Vector search on object storage
A multi-tenant search engine that pairs LanceDB with a tiered RAM + NVMe cache. Every namespace lives on S3 with near-zero idle cost. Every cache hit costs zero S3 requests.
How it works
Firn stores every namespace under its own S3 prefix using LanceDB as the storage engine. A tiered cache powered by foyer sits in front of S3, serving repeated queries from RAM or NVMe in microseconds instead of milliseconds. Writes automatically invalidate the cache for the affected namespace using an O(1) generation counter strategy.

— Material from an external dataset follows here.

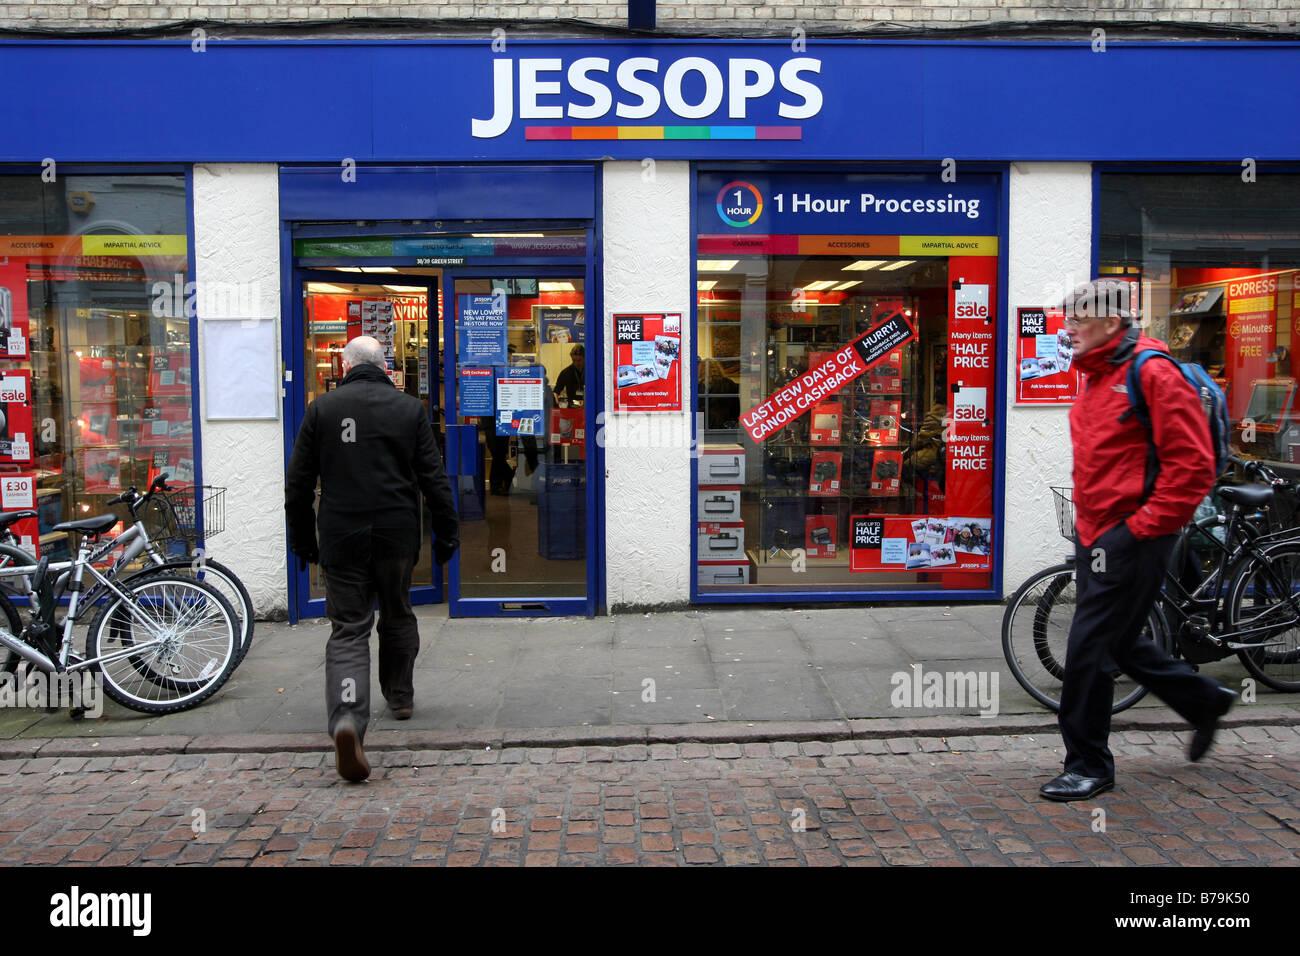 JESSOPS CAMERA SHOP  IN CAMBRIDGE - Stock Image

The result: your data lives cheaply on S3, but hot queries feel local. The /metrics endpoint shows exactly how many S3 requests the cache is saving you.
Documentation
Quickstart
Docker Compose up, first upsert, first query, and check your metrics in under two minutes.
API Reference
All nine endpoints with request and response schemas, status codes, and curl examples.
Configuration
Environment variables for S3 backends, cache sizing, bind address, and logging.
Architecture
Tiered storage, cache invalidation, namespace isolation, and the query and write paths.
Deployment
Run locally with Docker Compose, deploy to production with the multi-stage Dockerfile, or connect to AWS, MinIO, or R2.
Monitoring
Prometheus metrics, PromQL examples, alerting rules, and Grafana dashboard guidance.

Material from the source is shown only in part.